Up to 100,000 people, mostly civilians, may have died in the last war. If the casualty toll is lower this time, it will be because there are few Chechens left in the republic. Some 206,000--over half the pre-offensive population--are now in camps in surrounding areas, mostly the tiny republic of Ingushetia, whose own population of 315,000 is not much greater than the refugee influx.

In official propaganda the West is rapidly becoming the villain of the Chechnya offensive. Official reports note ominously that Chechen guerrillas wear Western-made uniforms. Top officials declare that the U.S. and the West want to keep Russia out of the Caucasus so that it can control the flow of oil from the Caspian Sea. Military spokesmen drop hints that two other Caucasus republics, Georgia and Azerbaijan, are secretly helping the Chechens.

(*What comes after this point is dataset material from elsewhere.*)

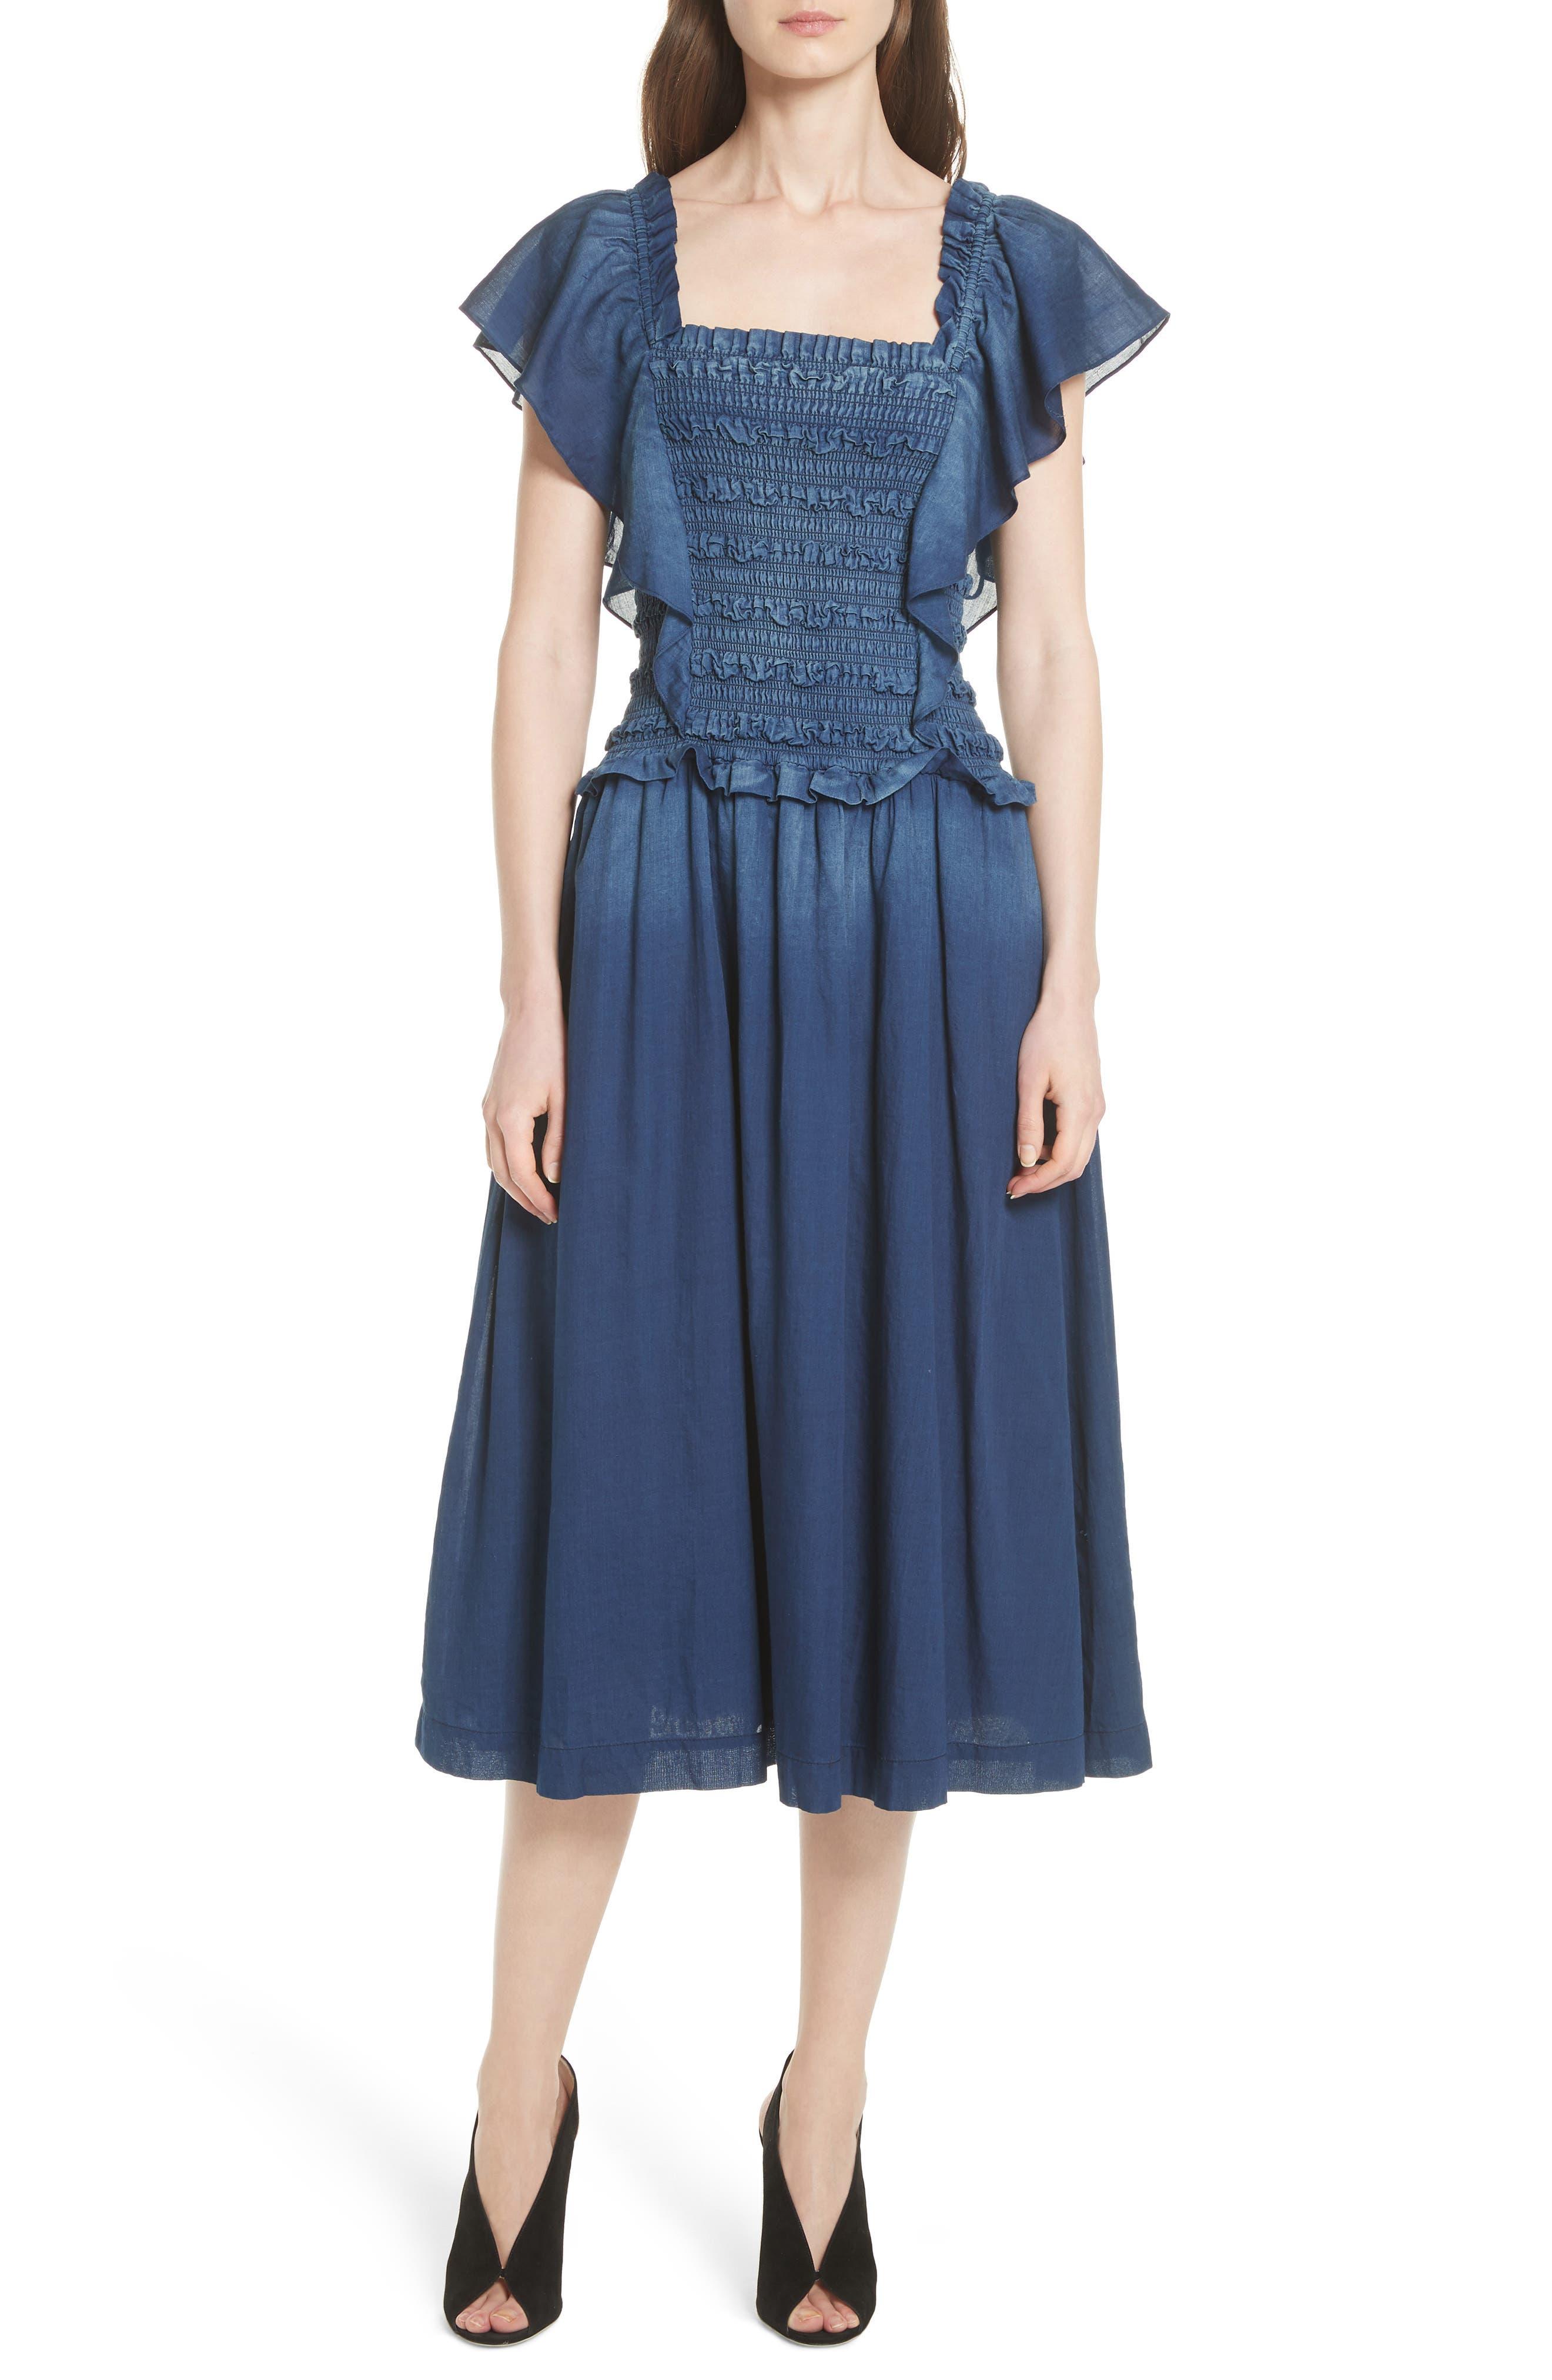 La Vie Rebecca Taylor Smocked Tissue Denim Dress

In theory the refugees will be allowed back to Chechnya once the situation is stabilized and the secessionist regime of President Aslan Maskhadov is defeated. But they may find they have little to return to. The Russian deputy premier in charge of Chechnya, Nikolai Koshman, recently offered the personal opinion that Chechnya's capital, Grozny, may be too heavily damaged to rebuild. And Moscow's attitude to reconstruction was illustrated earlier this month when Yeltsin pardoned and released from prison the former mayor of Grozny, Beslan Gantamirov. A sworn enemy of the present Chechen leadership, Gantamirov has a considerable following in the republic. He was, however, serving time for the theft of funds sent to rebuild Chechnya after the last war.

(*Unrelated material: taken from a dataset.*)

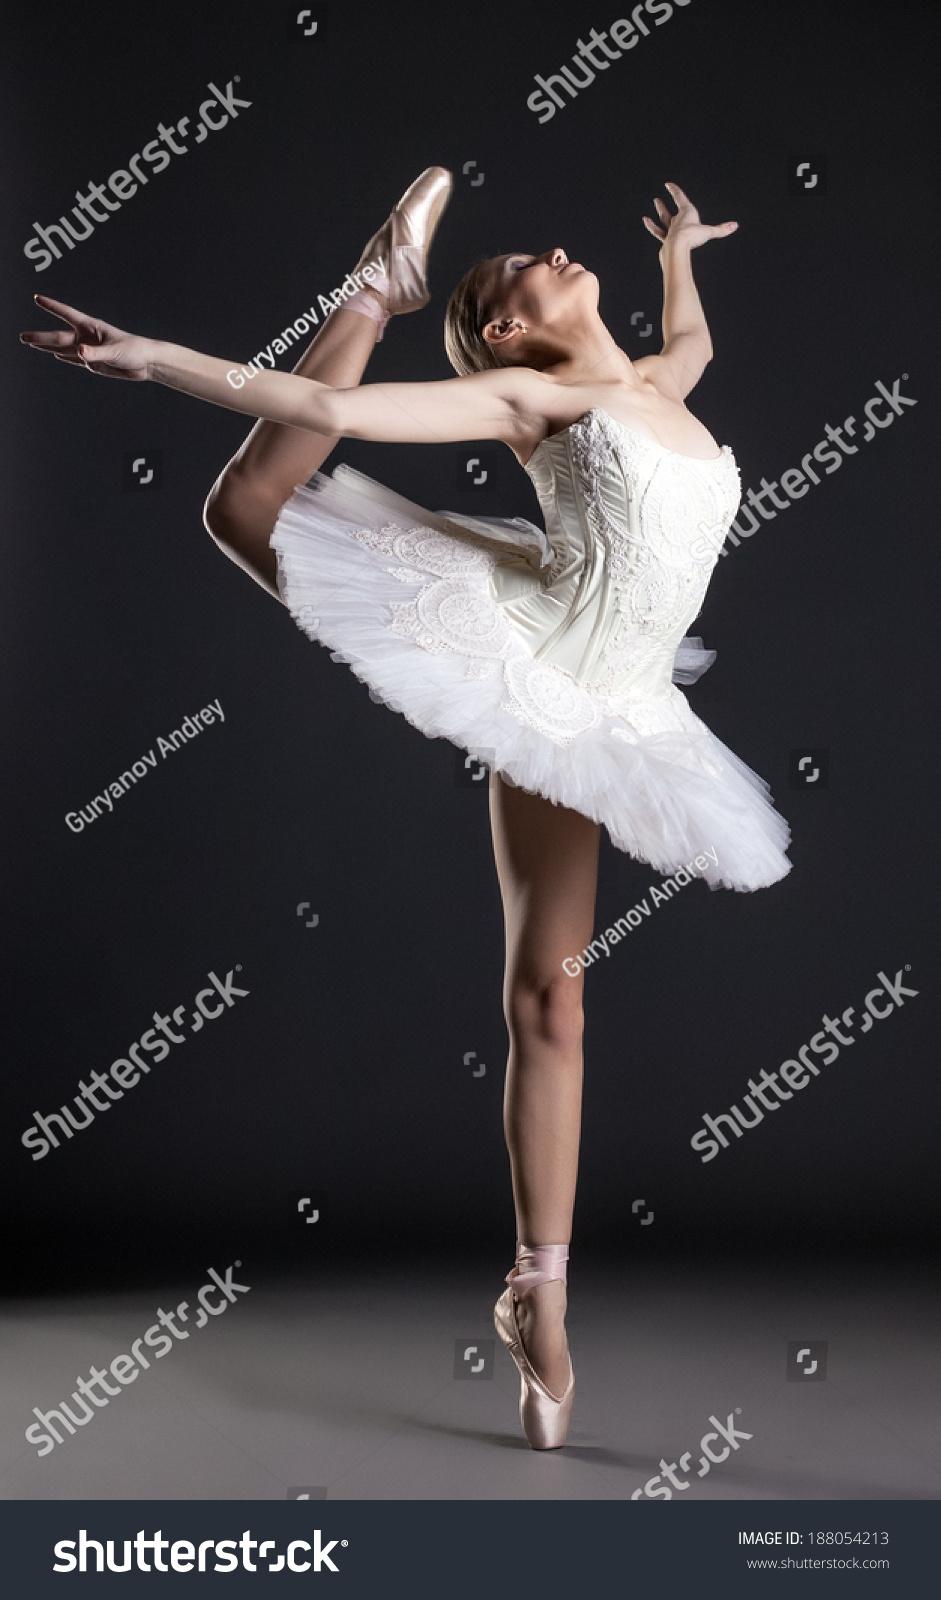 Flexible Dancer Exercising On Pole In Studio Stock Photo

All the indications are, however, that a good deal of destruction remains to be done in Chechnya before reconstruction programs can begin. There are signs that Chechen guerrillas are reasserting their presence even in northern Chechnya, an area Russian troops claim is firmly under their control. In a report last week remarkable for its grim frankness, the daily Kommersant reported an area singled out by the army as a model of military-civilian cooperation. In fact, Kommersant said, "The army and police control populated areas only in the daylight hours. At night the bandits are masters." Sources close to the Russian army, meanwhile, say they suspect the official Russian military death toll is drastically understated. Much in this war, however, will depend on how far the Chechens have changed since the last war--whether years of misrule and anarchy have sapped their commitment to independence. Brilliant in war, Chechen president Maskhadov has been a failure in peacetime. He has abdicated power to field commanders--often a euphemism for gunmen--whose sole interest has been the accumulation of wealth. An epidemic of kidnappings has served the Russian cause admirably: journalists cannot cover the war in Chechnya for fear of being held for ransom under hideous conditions. But some Russian military sources say they believe that Maskhadov still controls a well-organized, highly motivated and largely undamaged fighting force. If that is the case, any Russian victory in the Caucasus will be short-lived at best. And Moscow will ultimately be shown to have been wrong about the war.